S-ca.......(sex-chromosome abnormality)
FREQUENTLY ASKED QUESTIONS (FAQ)


WHAT IS S-CA?

It is a genetic disorder, which occurs at conception. It is only found in males and the chromosomes in the sex line has at least one extra "X". To date, it is unknown whether the extra X comes from the father or the mother or from both parents. In the medical community, it is more commonly known as 47,xxy, but there are many variants to this genetic structure, such as XXXY, XXXXY, XXYY, XX/XXY, XY/XXXY, XX/XXY, XY/XXY, XXY/XXXXY, XxY/Xx/XY, XXXYY, XXY/XX, XXY/XY, XXY/XYY, XXY/XXXY, XXX/XXXY, XXXXY/XXXXXY/XXX, XX(Y), XXXXYY/XXXXY/XXX, XO/XY/XXY, YO/XY,XXY, XO/XX/XY/XXY/XXXY, XY/XXY/XXxY, XY/XXY/XXXY, XX/XxY, XX/XY/XXY

WHAT ARE THE MOST COMMON SYMPTOMS?

Gynecomastia, an abnormal enlargement of one or both breasts in men; hard tiny testicles that never grow, infertility, incomplete masculine body build, height, (6 ft. or more), may not be particularly athletic or co-ordinated. The penis is usually of average length.
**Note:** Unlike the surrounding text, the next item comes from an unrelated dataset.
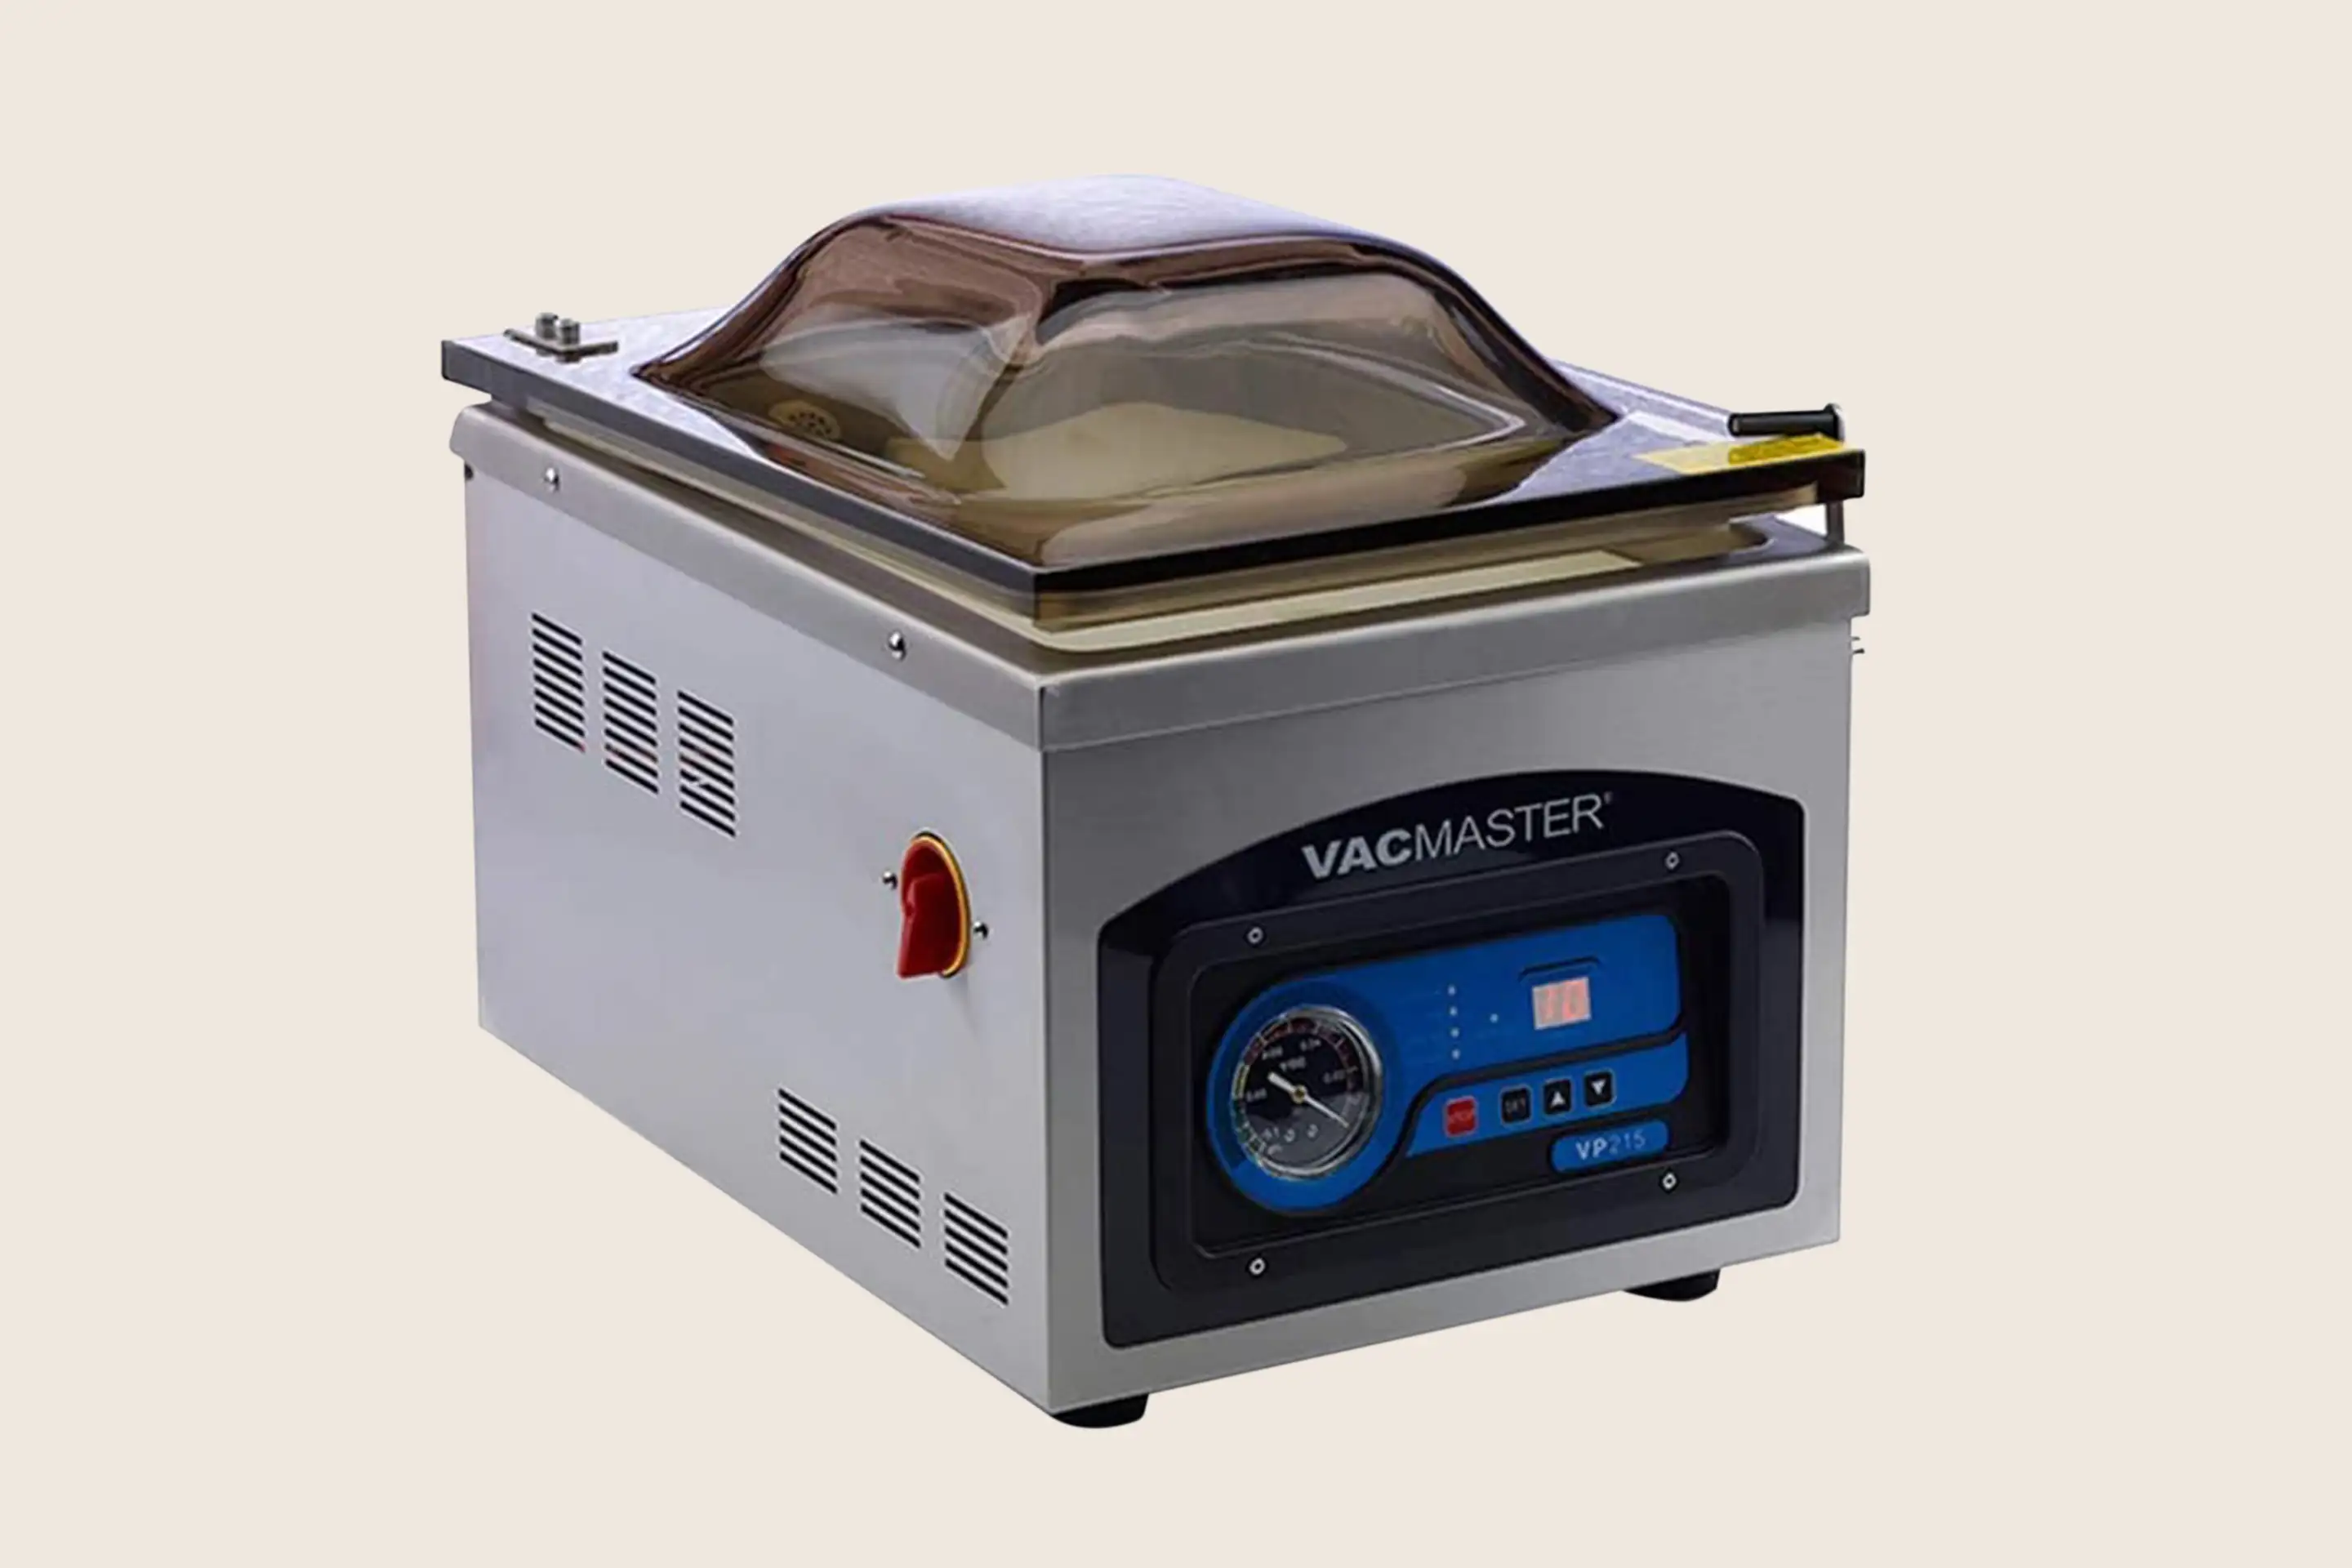 VacMaster VP215 Vacuum Sealer

There may be a decreased growth of facial and other body hair and the male will have long legs, longer than normal arms and can exhibit poor social skills and poor social adaptation.

ARE THERE OTHER POSSIBLE SYMPTOMS?

Increased risk for speech and language problems
Preference for quiet games
Introversion
Frequently shy
Hand tremors
Frustration based outbursts
Difficulties in concentrating
Restless sleep patterns
Lower level of activity
Difficult to awaken in the mornings
Lower degree of self esteem
A form of dyslexia
To some degree, enuchoidal stature,,,,arm span is usually 2 inches longer than height.
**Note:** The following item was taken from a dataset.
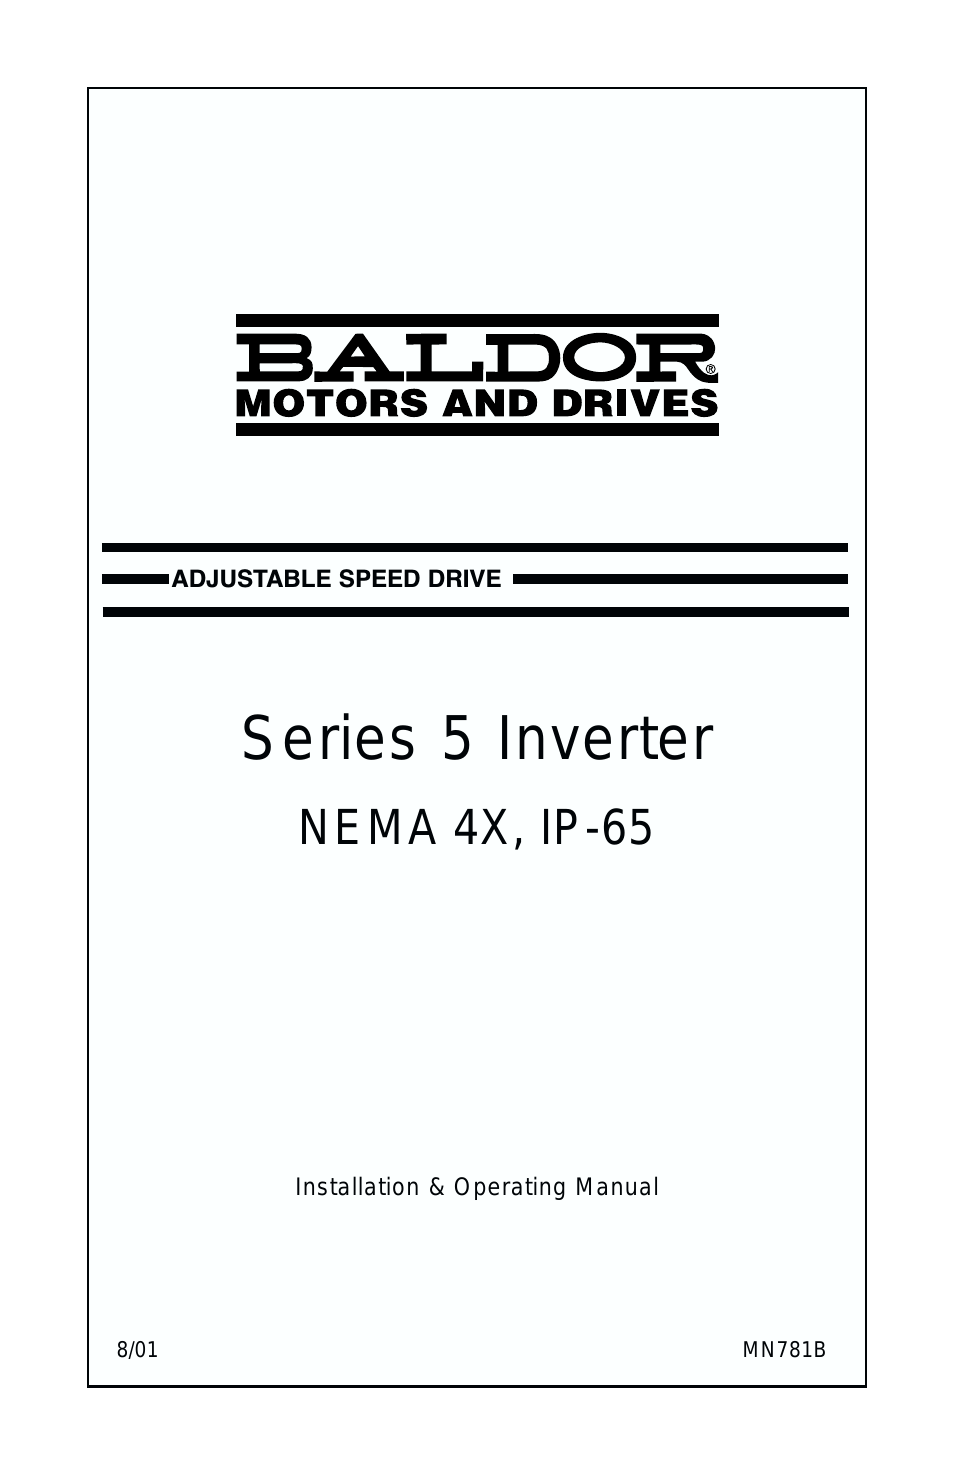 Series 5 Inverter NEMA 4X

Without HRT, a better opportunity to develop cardio-vascular arteriosclerosis (hardening of the arteries)

The inability to maintain long term friends
Attention Deficit Disorder (to some degree)
Rounded shoulders and rounded hips
Life-long soft skin

WHAT ARE OTHER POSSIBLE SYMPTOMS?

Later in life, as an adult male:
Aggression
Little muscle strength,,,,lack of upper body strength.
Obesity, with a possibility of high cholesterol and resulting arteriosclerosis
Risk of osteoporosis
Risk of breast cancer
Risk of autoimmune disorders such as: type 1 diabetes, autoimmune thyroiditis, and/or lupus erythematosus.
Inner anger, requiring anger management
Loss of libido with resulting impotence.
Myocardial infarction after age 30, is common.

IS THERE A CURE FOR S-CA?

No.

IS THERE A WAY TO CONTROL THE EFFECTS OF S-CA?

Yes, by Hormone Replacement Therapy (HRT). By injection of testosterone into the buttocks on a regular basis. Check with an endocrinologist, who has experience with S-ca. In some countries, an androderm patch is available.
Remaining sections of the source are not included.